LUCRECIA MARTEL - Não, não. Não
existem, neste momento histórico que atravessa o mundo,
condições para que haja uma
nova onda de qualquer coisa.
Movimento é algo em que os cineastas compartilham algo
-valores estéticos, idéias políticas. Mesmo na Argentina, nos
vemos quando nos encontramos em festivais. Não se pode
dizer que haja um grupo de
amigos que produzam obras
comuns. Tenho contato com alguns deles porque moramos
perto, ou porque temos amizade, mas não nos encontramos
para conversar sobre cinema.
FOLHA - Você acompanha o cinema brasileiro atual?
MARTEL - Muito pouco. Na Argentina, não é fácil ver filmes
brasileiros. Às vezes, vejo em
festivais. Os filmes de Walter
Salles passaram na Argentina.
"Cidade de Deus" também. Salles é um diretor muito sólido.
Ele tem feito também algo muito interessante para o cinema
latino-americano, que é conectar as pessoas, buscar conhecer
diretores de todos os países.
FOLHA - E "Cidade de Deus"?
MARTEL - Não o vi. Tenho um
problema: em certos momentos de minha vida, não posso
ver filmes muito violentos. Não
sei se ele é mesmo violento,
mas o trailer era. Naquela ocasião, preferi não ver. Espero
que em algum momento possa
conhecê-lo. Isso ocorre com alguns filmes por razões pessoais. Em geral, passa um tempo e aí consigo vê-los, em DVD.
FOLHA - Quem você admira no cenário internacional?
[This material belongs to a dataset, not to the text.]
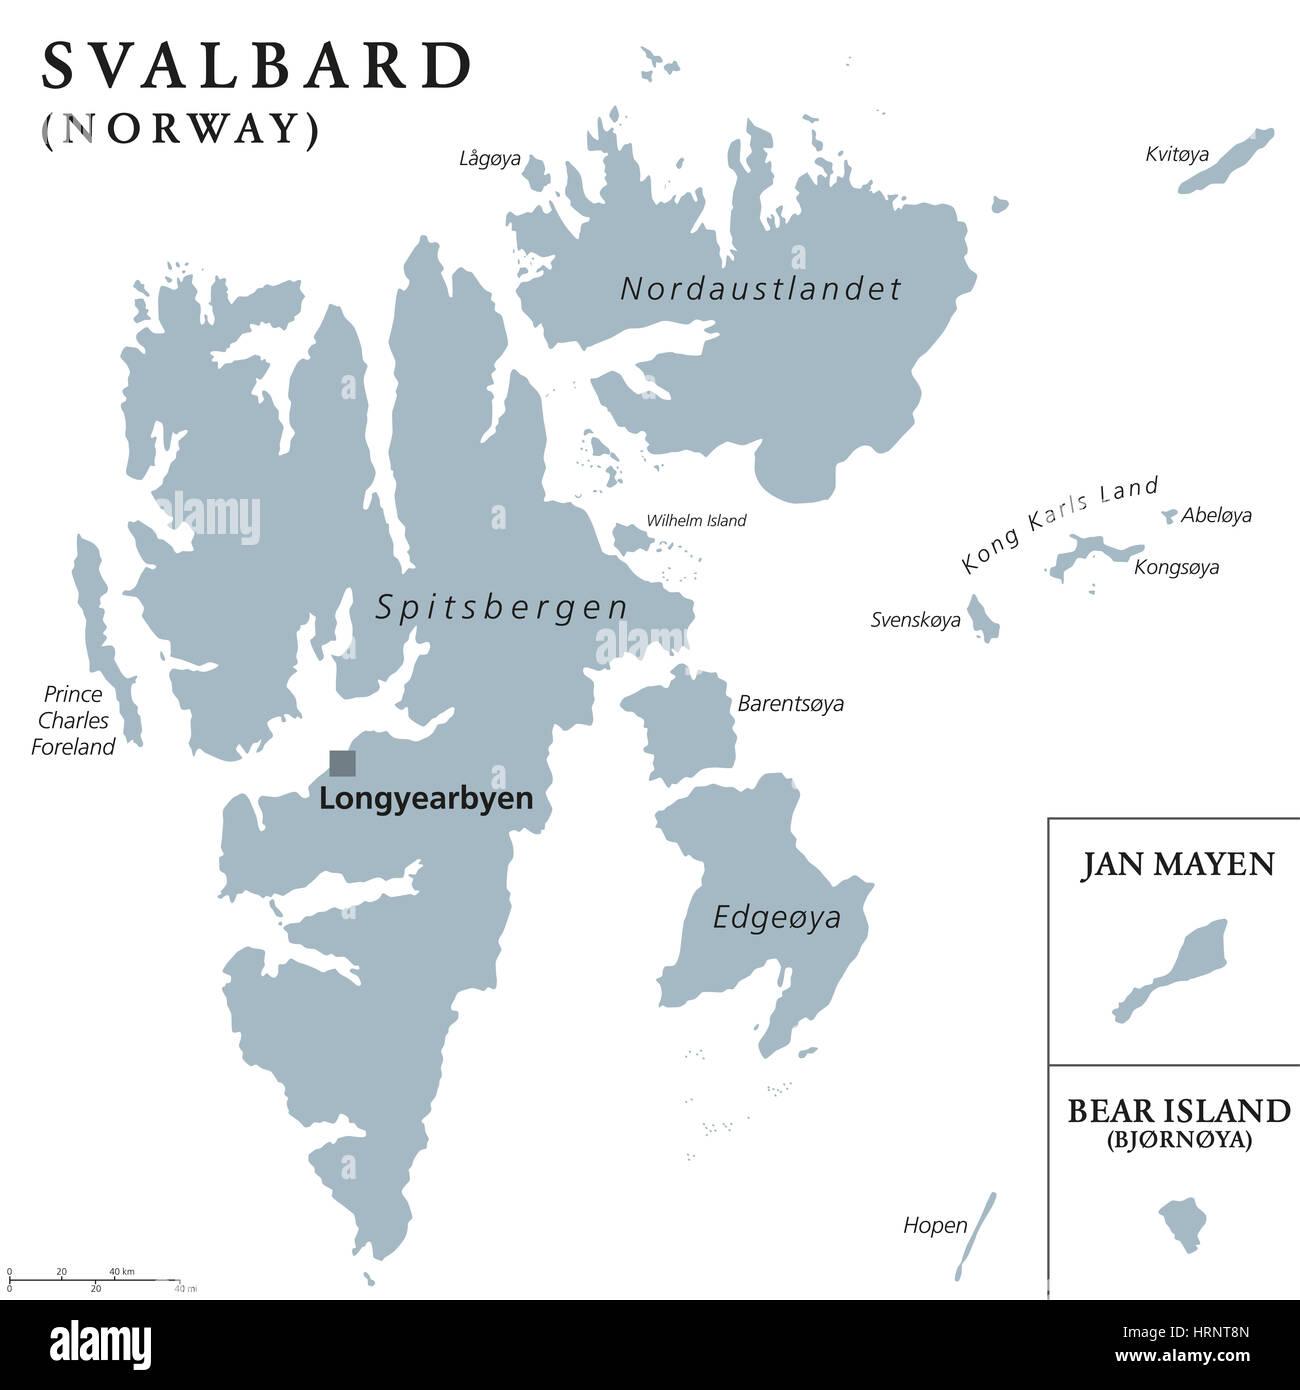 Svalbard Bear Island and Jan Mayen political map Norwegian Stock
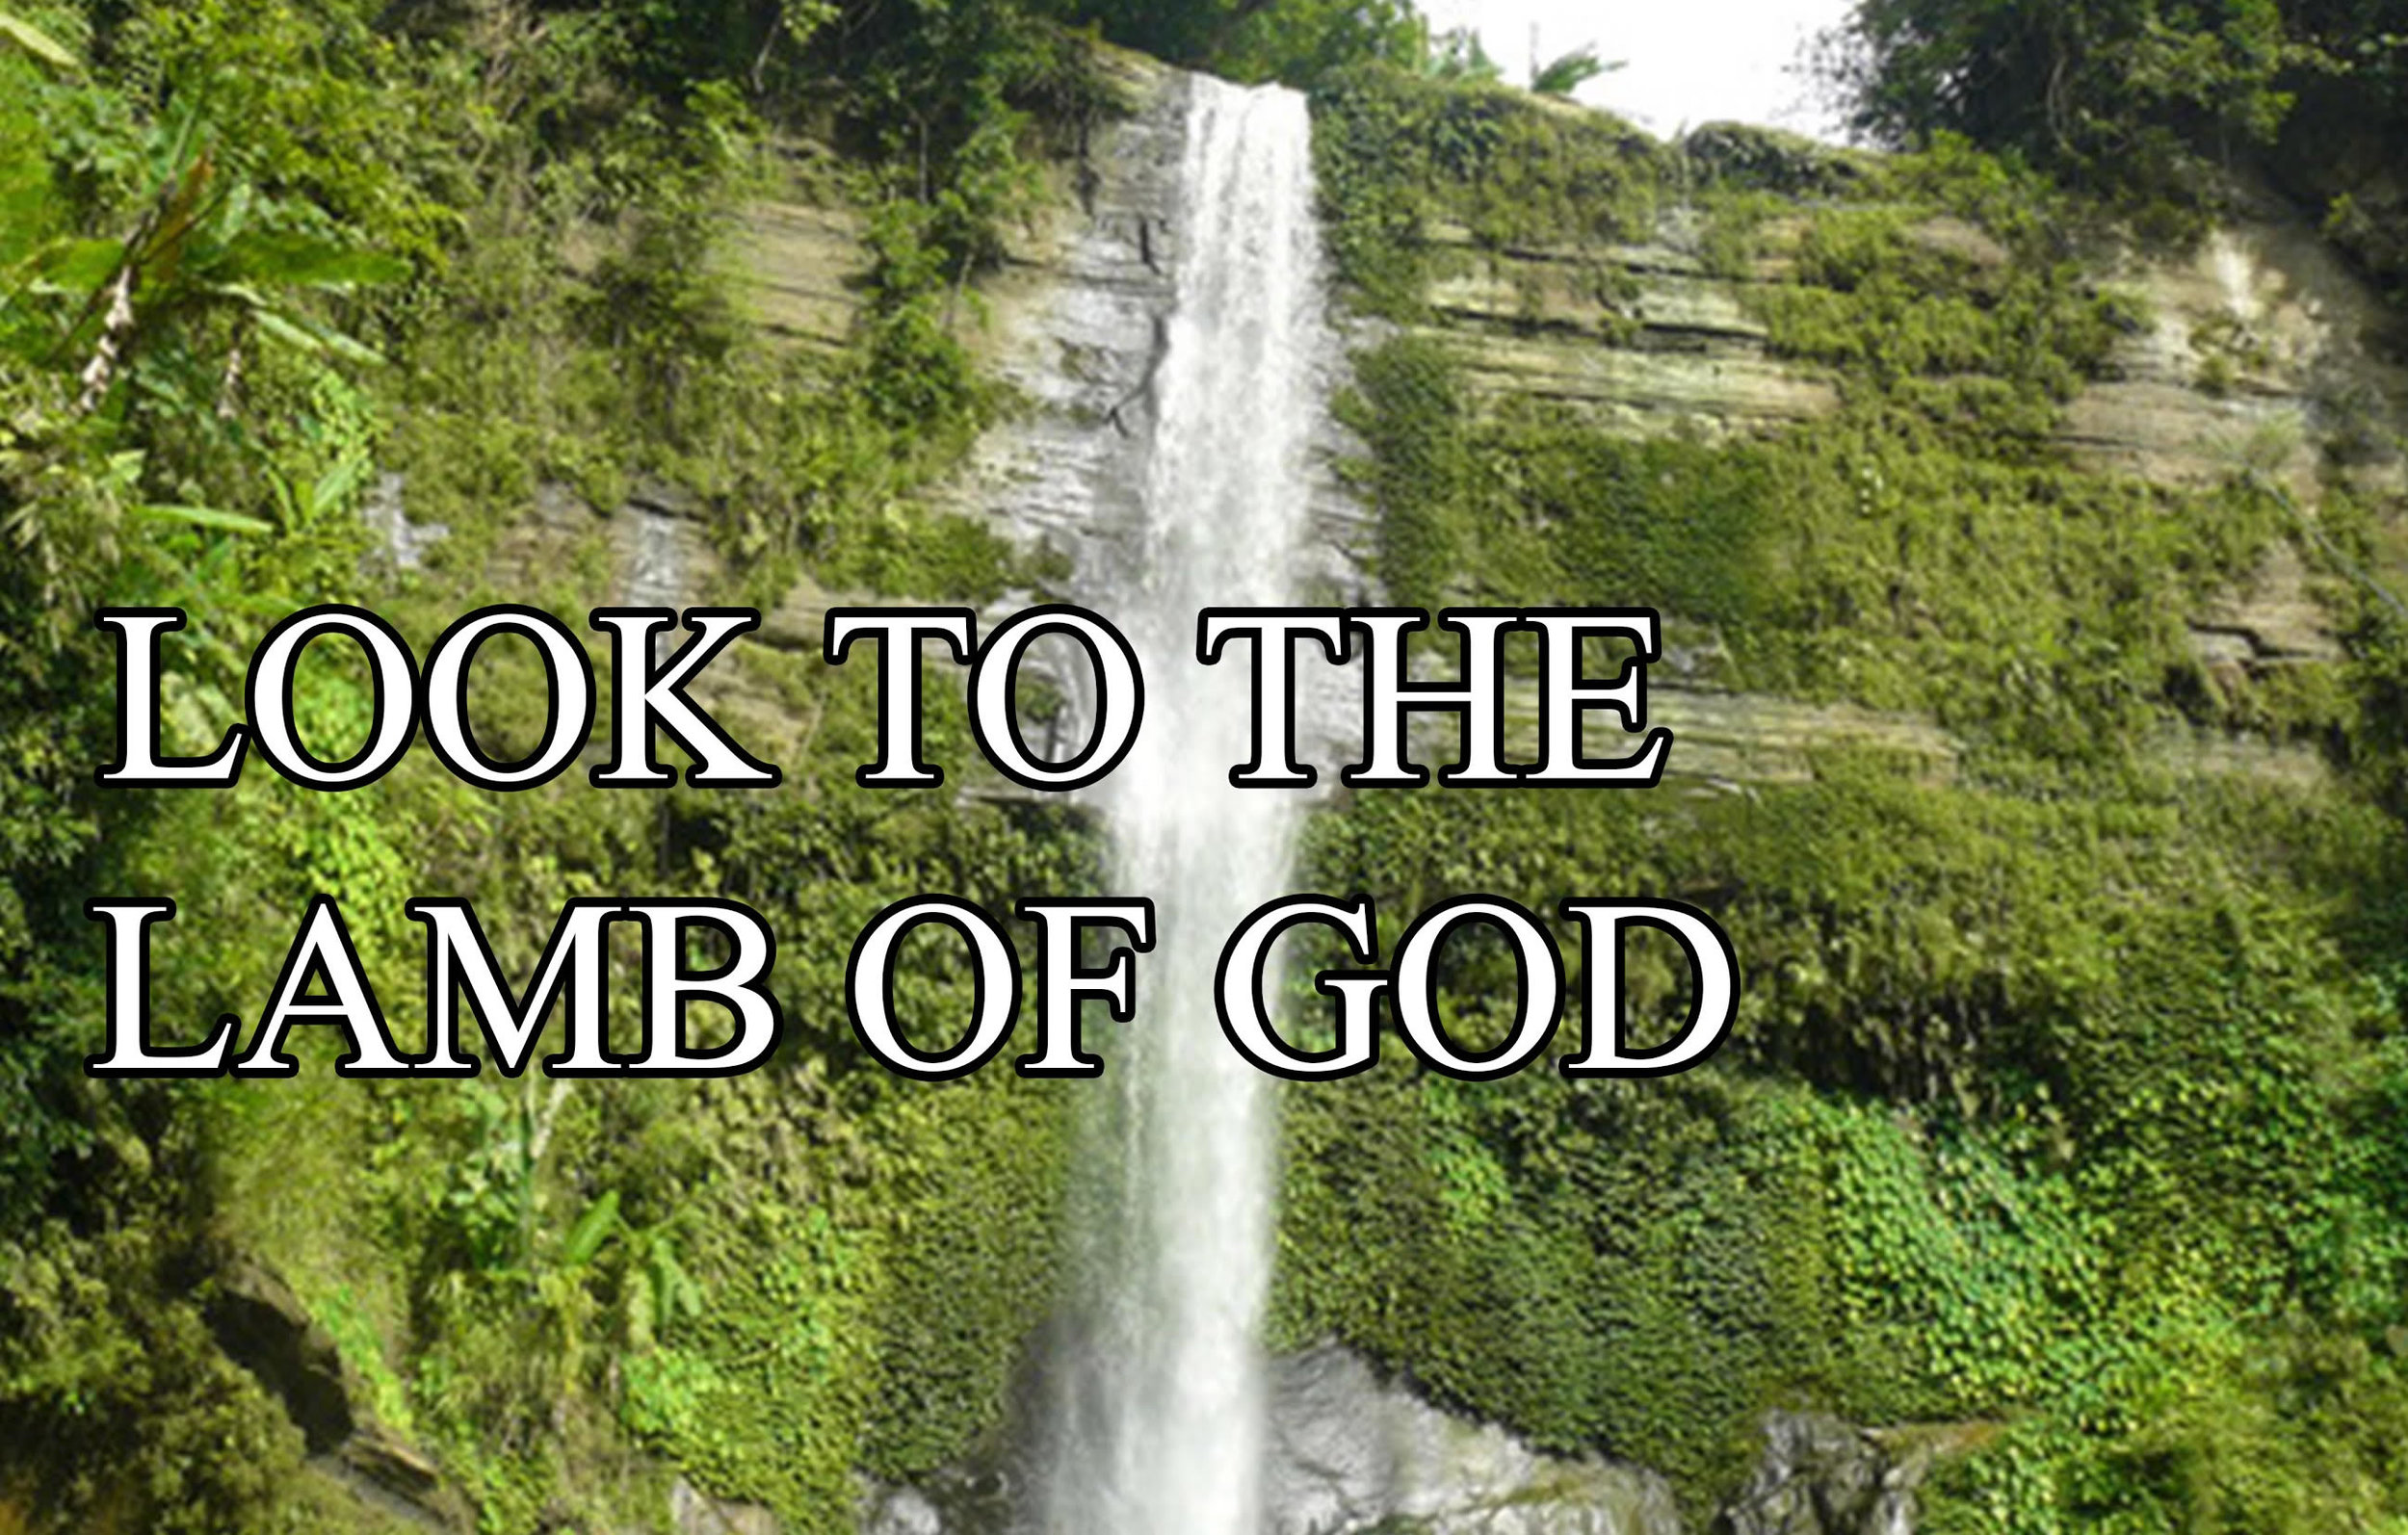 lamb of god.jpg

MARTEL - Gosto de muitos cineastas: Bruno Dumont, Pedro
Almodóvar, David Lynch, que é
quem mais me agrada no cinema dos EUA hoje. Gosto do cinema coreano, do cinema asiático de terror, que me diverte.
FOLHA - E que é violento.
MARTEL - Sim, mas isso está
apresentado de tal forma no
campo do fantástico que me
chega de outra maneira. A violência de tom mais realista é a
que não me atrai. E a vertente
de tortura física também não.
Na verdade, não sou uma grande consumidora de cinema.
FOLHA - Sua rotina de criação é solitária?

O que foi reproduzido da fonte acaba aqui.